__Task statement__: Everything in the data that follows should be given again verbatim, except the images.

__The data__:
-- Opening Marker --

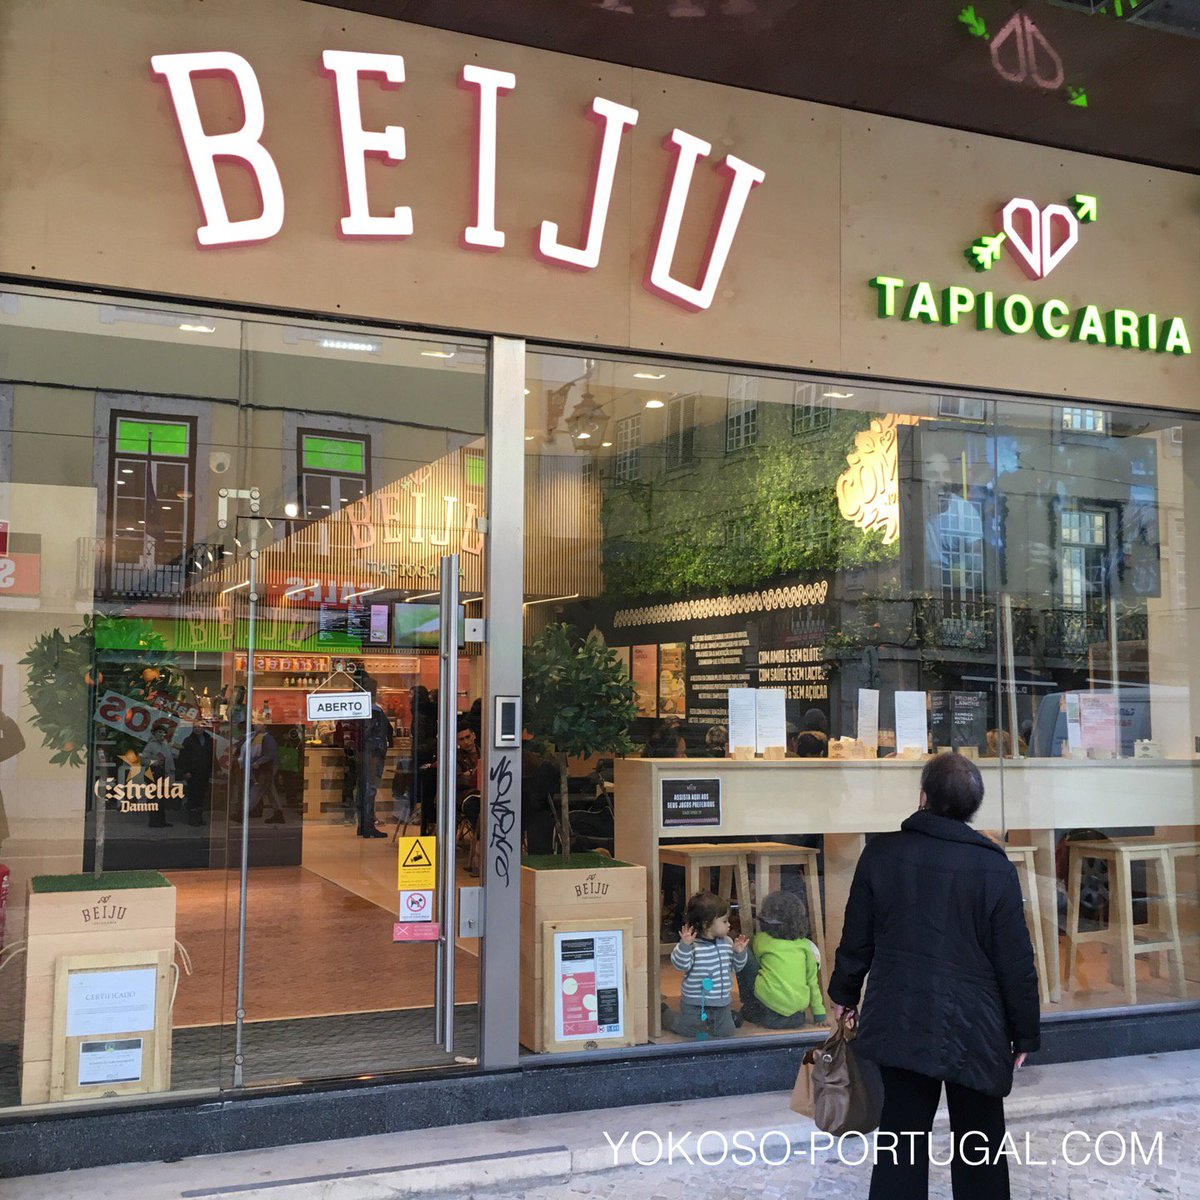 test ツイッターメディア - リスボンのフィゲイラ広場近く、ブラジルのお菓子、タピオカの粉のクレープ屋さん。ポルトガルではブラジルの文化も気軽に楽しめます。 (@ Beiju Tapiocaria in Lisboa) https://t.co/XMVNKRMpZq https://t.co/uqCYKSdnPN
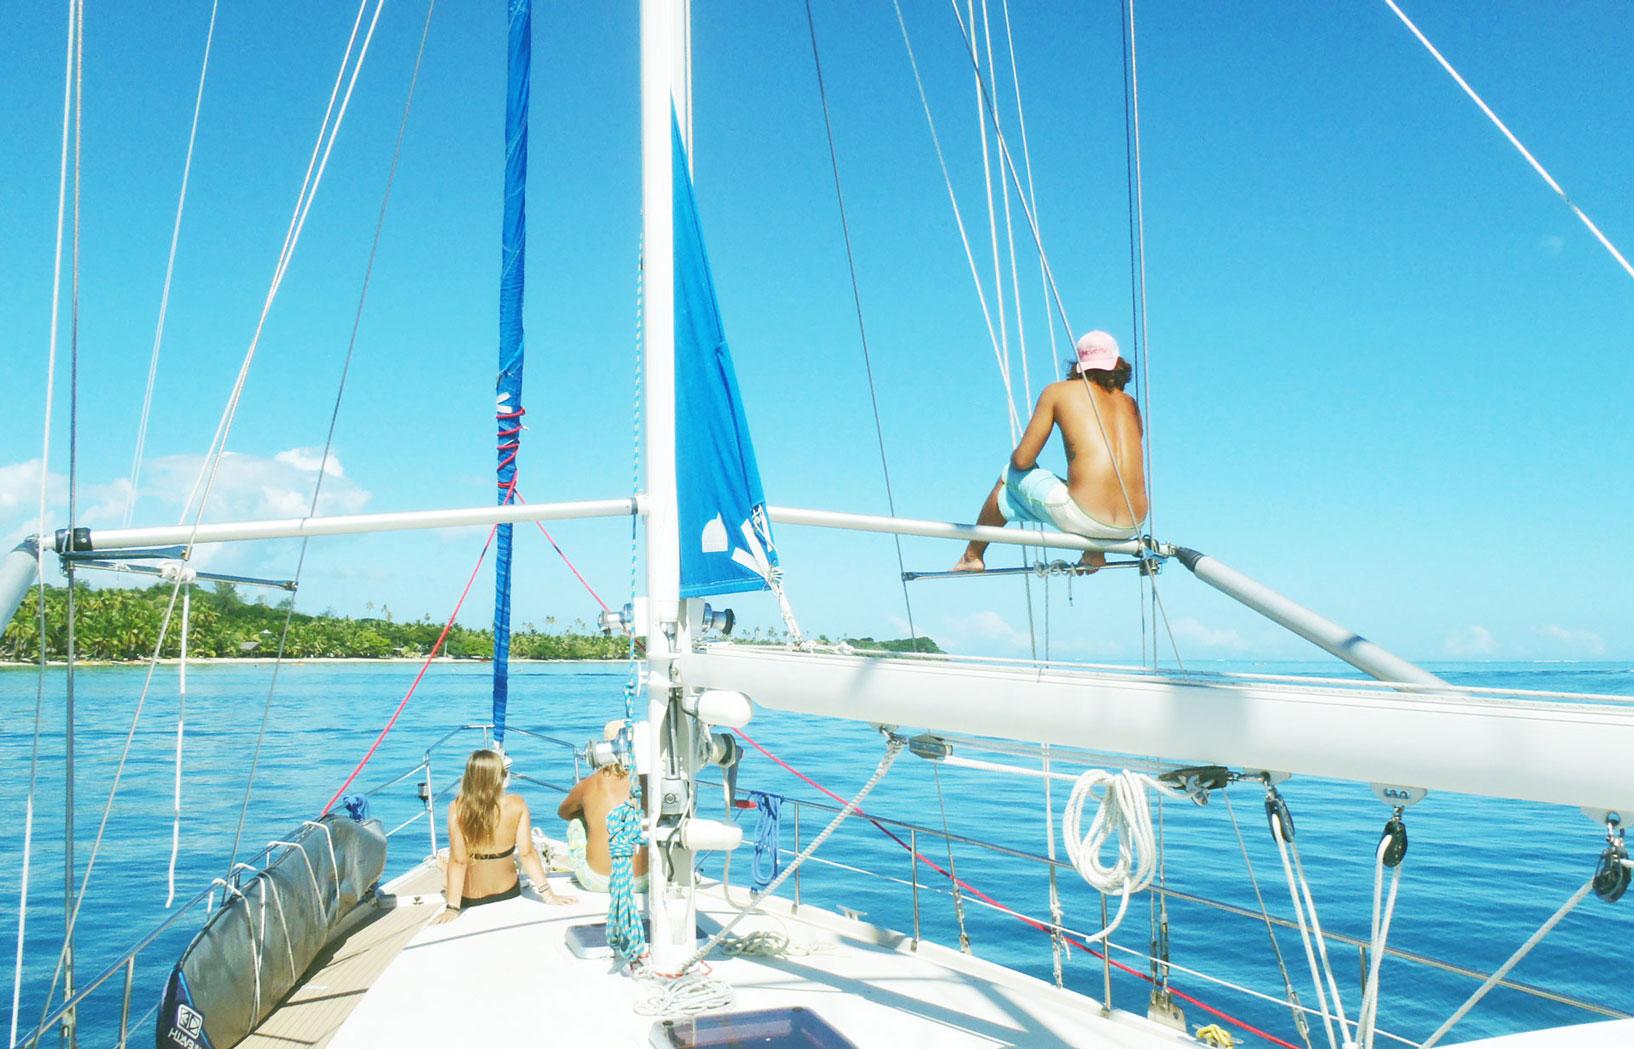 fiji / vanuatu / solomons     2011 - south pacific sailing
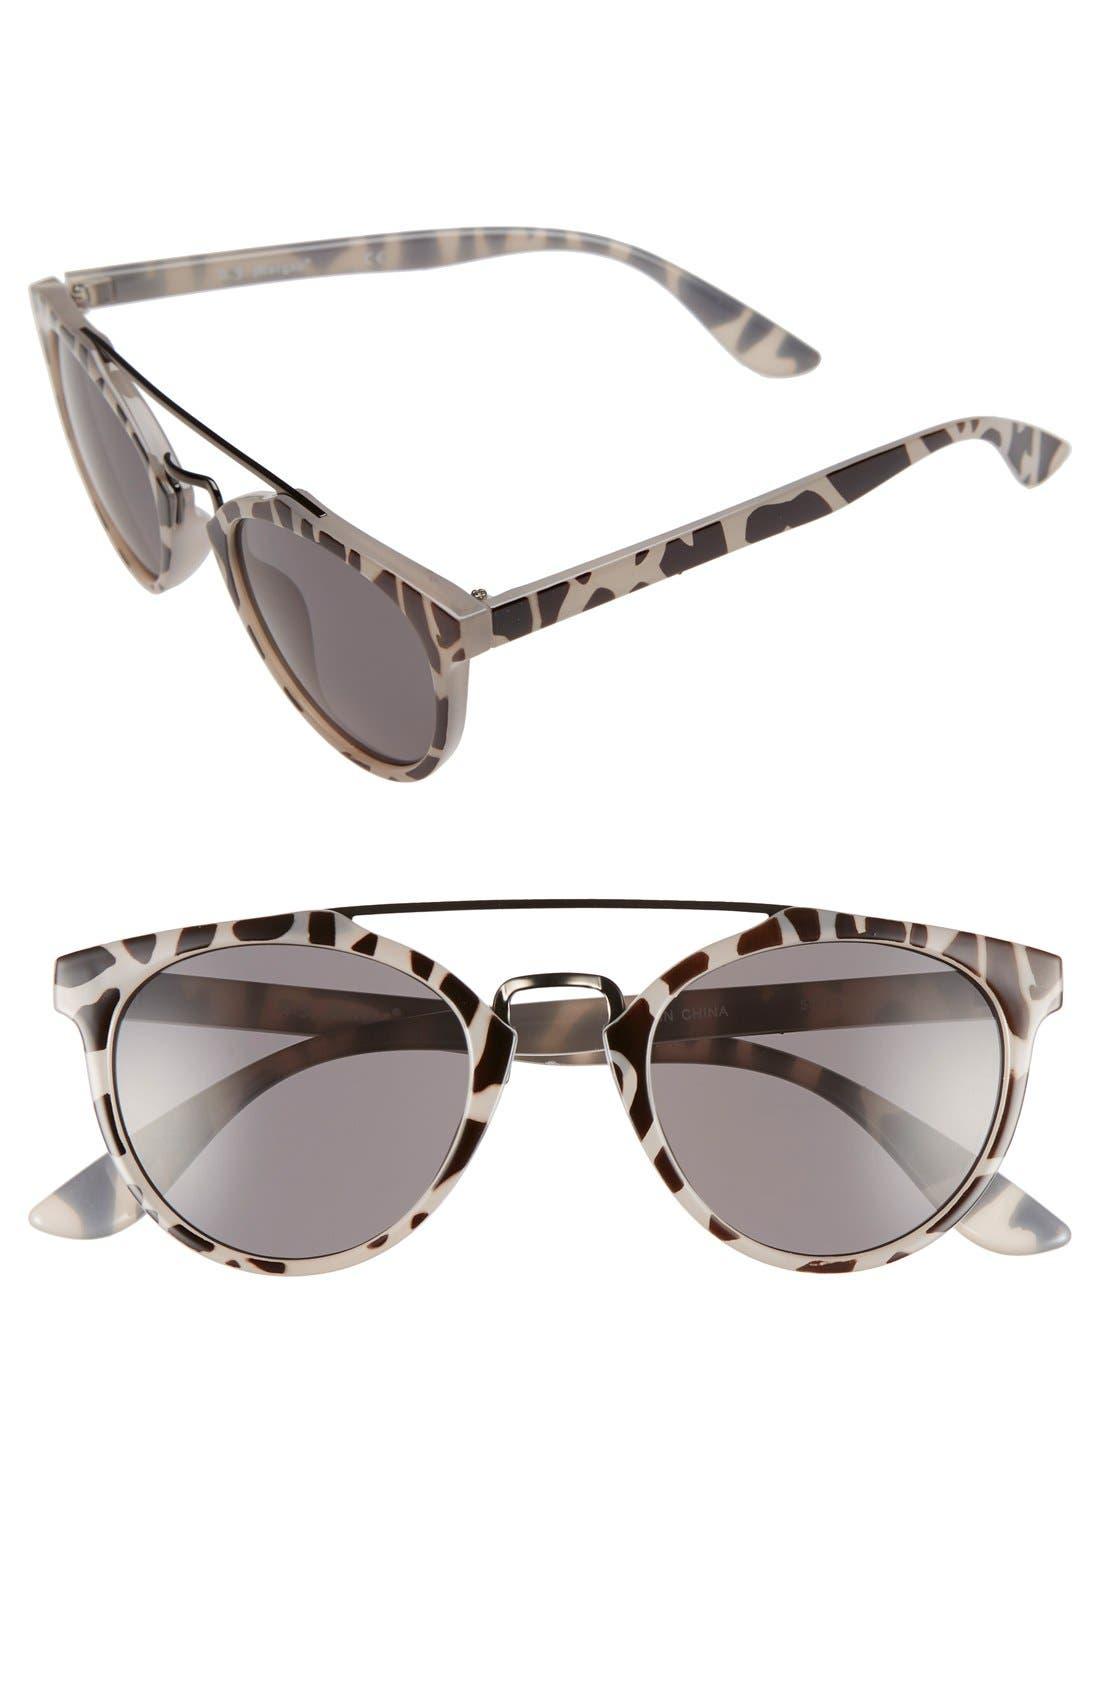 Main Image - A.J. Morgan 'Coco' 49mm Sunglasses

-- Closing Marker --

__Solution to this task__:
 test ツイッターメディア - リスボンのフィゲイラ広場近く、ブラジルのお菓子、タピオカの粉のクレープ屋さん。ポルトガルではブラジルの文化も気軽に楽しめます。 (@ Beiju Tapiocaria in Lisboa) https://t.co/XMVNKRMpZq https://t.co/uqCYKSdnPN
 fiji / vanuatu / solomons     2011 - south pacific sailing
 Main Image - A.J. Morgan 'Coco' 49mm Sunglasses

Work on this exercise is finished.